Offering frequent news and analysis from the majestic Evergreen State and beyond, The Cascadia Advocate is the Northwest Progressive Institute's unconventional perspective on world, national, and local politics.

Monday, March 10, 2008

Eat your greens

We're big proponents of organic food, organic farming and eating locally-produced food versus imported foods, so we very pleased to discover this excellent article in th March issue of the PCC Natural Markets Sound Consumer (the newsletter of the Puget Consumers' Cooperative) on how we can all learn to eat green (in addition to eating our greens!) as well as shop and eat with an eye towards minimizing the carbon footprint of our diets.

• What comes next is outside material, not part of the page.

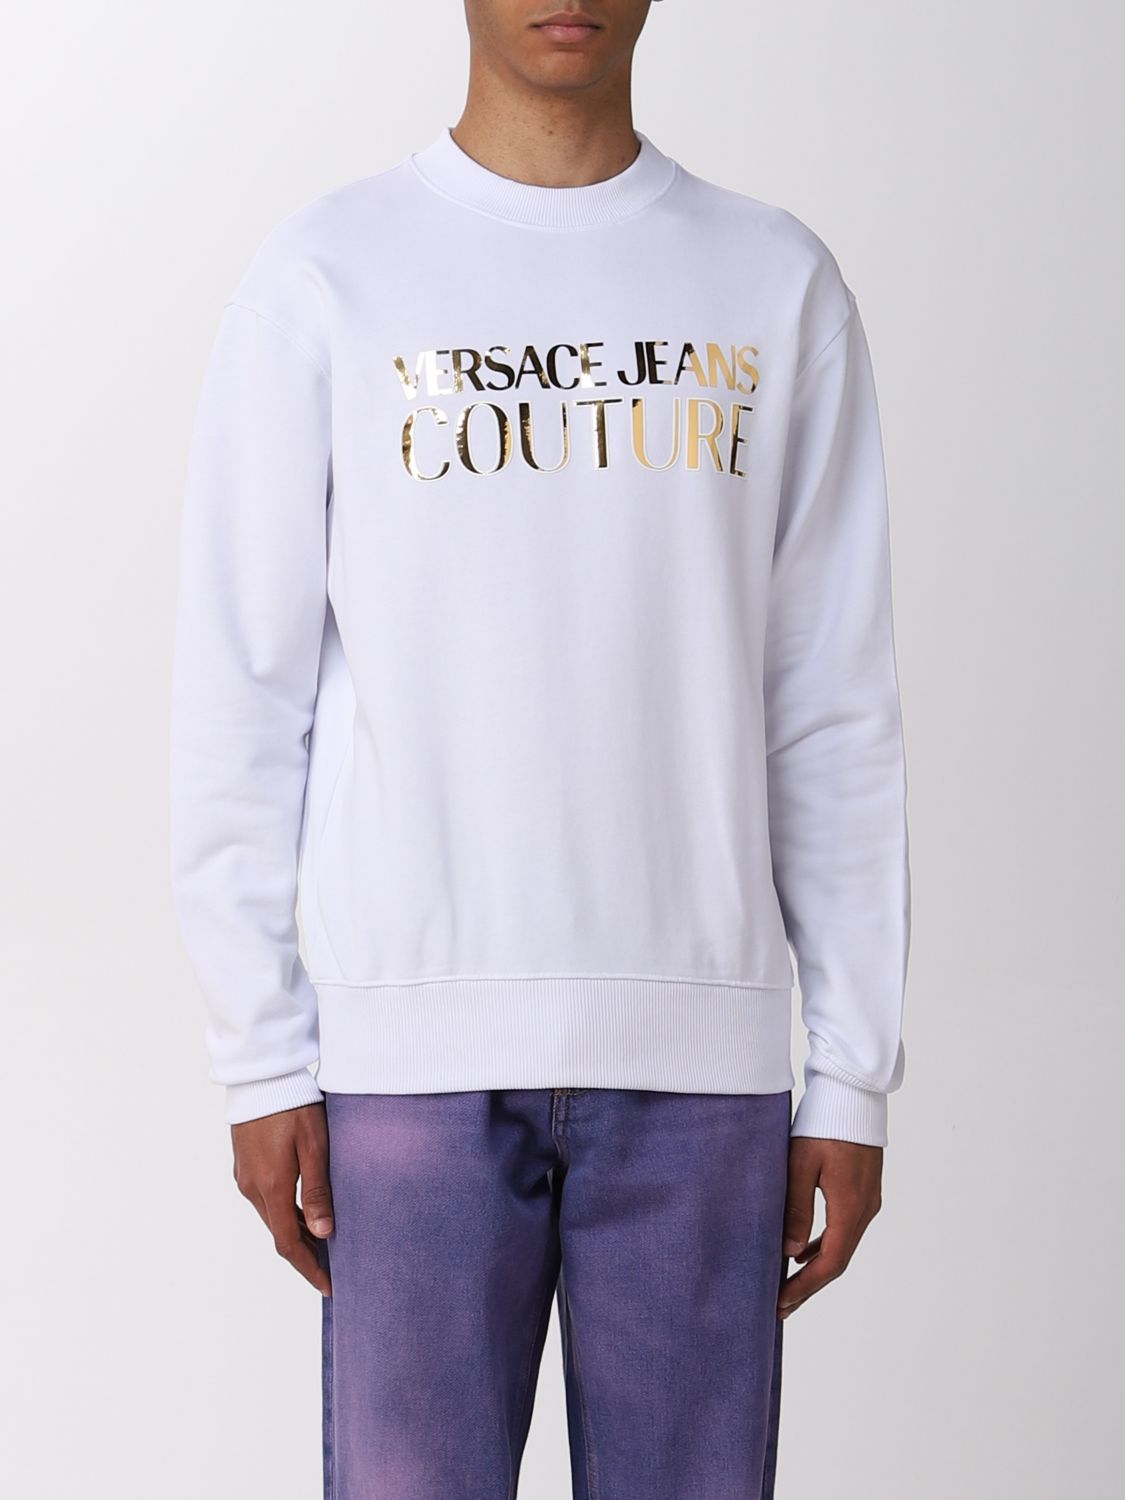 Versace Jeans Couture Sweatshirt In Cotton Blend In White
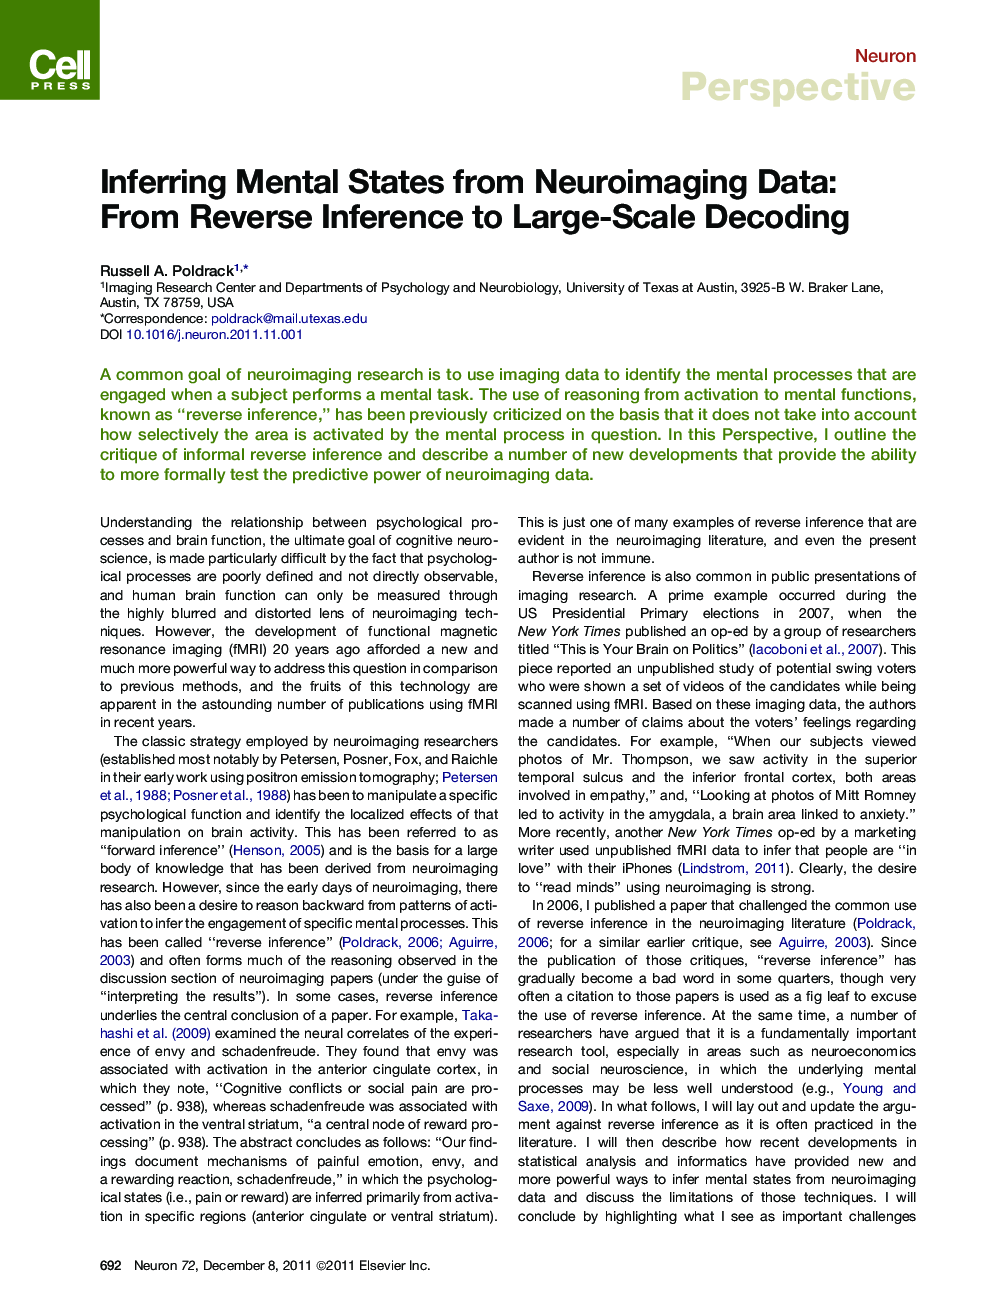 Inferring Mental States from Neuroimaging Data: From Reverse Inference to Large-Scale Decoding

Among all the excellent reasons to eat organic foods, reducing one's carbon footprint is probaby the most important reason with respect to taking the long view of life here on Earth. The article has lots of good suggestions, but here is a short list of several important ones I'd like to call attention to:
  • Conventional farming uses a lot of fossil fuels and petroleum derived fertilizers and pesticides. Organic farming omits the non-organic fertilizers and pesticides, and tends to rely more on labor than large machinery to get the job done. Sadly, "[conventional food] is marinated in crude oil by the time it reaches our table."
  • Organic farmers, many of whom have continued on the family legacy, use practices such as cover cropping and composting that act as carbon sinks.
  • Free-range livestock is healthier, and eats foods better suited to their digestive systems (e.g. grass instead of highly formulated cattle feed). Consequently, those animals produce significantly less methane than their industrially-farmed counterparts. This matters because, as greenhouse gases go, methane is twenty one times more effective at keeping heat in our atmosphere than carbon dioxide.
  • Foods in its original, natural form represent a lower carbon footprint because less energy is involved in processing and packaging. For example, an apple has a lower carbon footprint than an apple's worth of applesauce.
  • Waste not, want not: on average, we all need about 2,000 calories a day to be healthy. Yet, our food system produces and delivers about 4,000 calories a day per person across America. If that excess doesn't go to our waistlines, it ends up in our landfills where it gets buried and decomposes anaerobically, a process which produces additional methane.
  • The best thing you can do is, of course, grow your own food. Not an easy job, but you can't get more organic or more local than something you grew yourself in your own backyard.
Finally, although the article mentions the Leopold Center report that introduced the concept of "food miles" to the debate on America's food system, it stops short of what we consider to be the logical next step: consumers taking the lead by demanding food-mile labeling (or even better, carbon footprint labeling) on groceries and other products.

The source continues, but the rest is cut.